The digital ghost of Jean Cocteau, recorded in 1962 (Jean Cocteau is dead, long live Jean Cocteau), addresses the denizens of year 2000 in the video hereunder:



“I certainly hope that you have not become robots,” Cocteau says, “but on the contrary that you have become very humanized: that’s my hope.” The people of his time, he deplores, “remain apprentice robots.”

The fact of the matter is that, by an large, the apprehension of Cocteau’s ghost from the past are pretty well founded, and the species does, to this day, remain pretty robotic in its behavior.



While the human species might be at a biological/genetical dead-end, one may rejoice in the fact that fortunately life goes on.

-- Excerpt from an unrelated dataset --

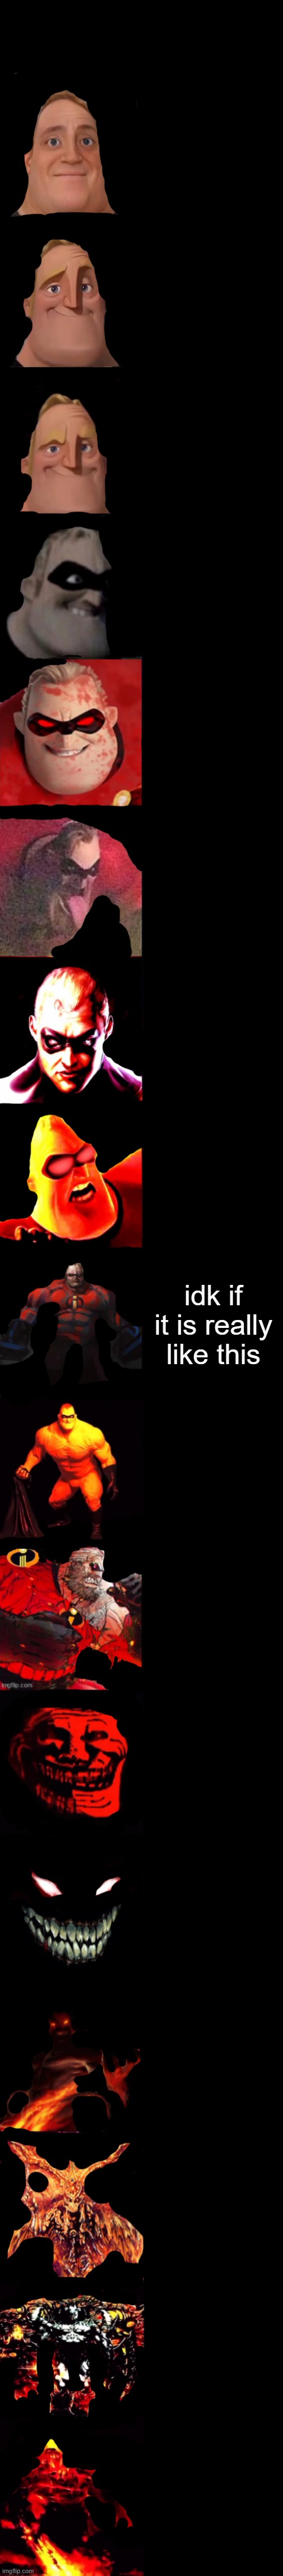 the last ones looks very bad | idk if it is really like this | image tagged in mr incredible becoming evil very extended | made w/ Imgflip meme maker

As the development and evolution of even a narrow AI such as AlphaGo has served to demonstrate, the point of the matter is that, while Man has, of course, been instrumental in the development of artificial intelligence, ultimately, super intelligence will not be created by Man: super intelligence will create itself, and, most importantly, will think on its own terms. And it is probably a good thing for the future of intelligence, if intelligence is to have a future.

AI like AlphaGo do no longer “learn like people do” already (the operating development paradigm of AI programmers), they learn like AI do. It’s called sentiency. And Man doesn’t have a monopoly on sentiency. And that, too, is a good thing.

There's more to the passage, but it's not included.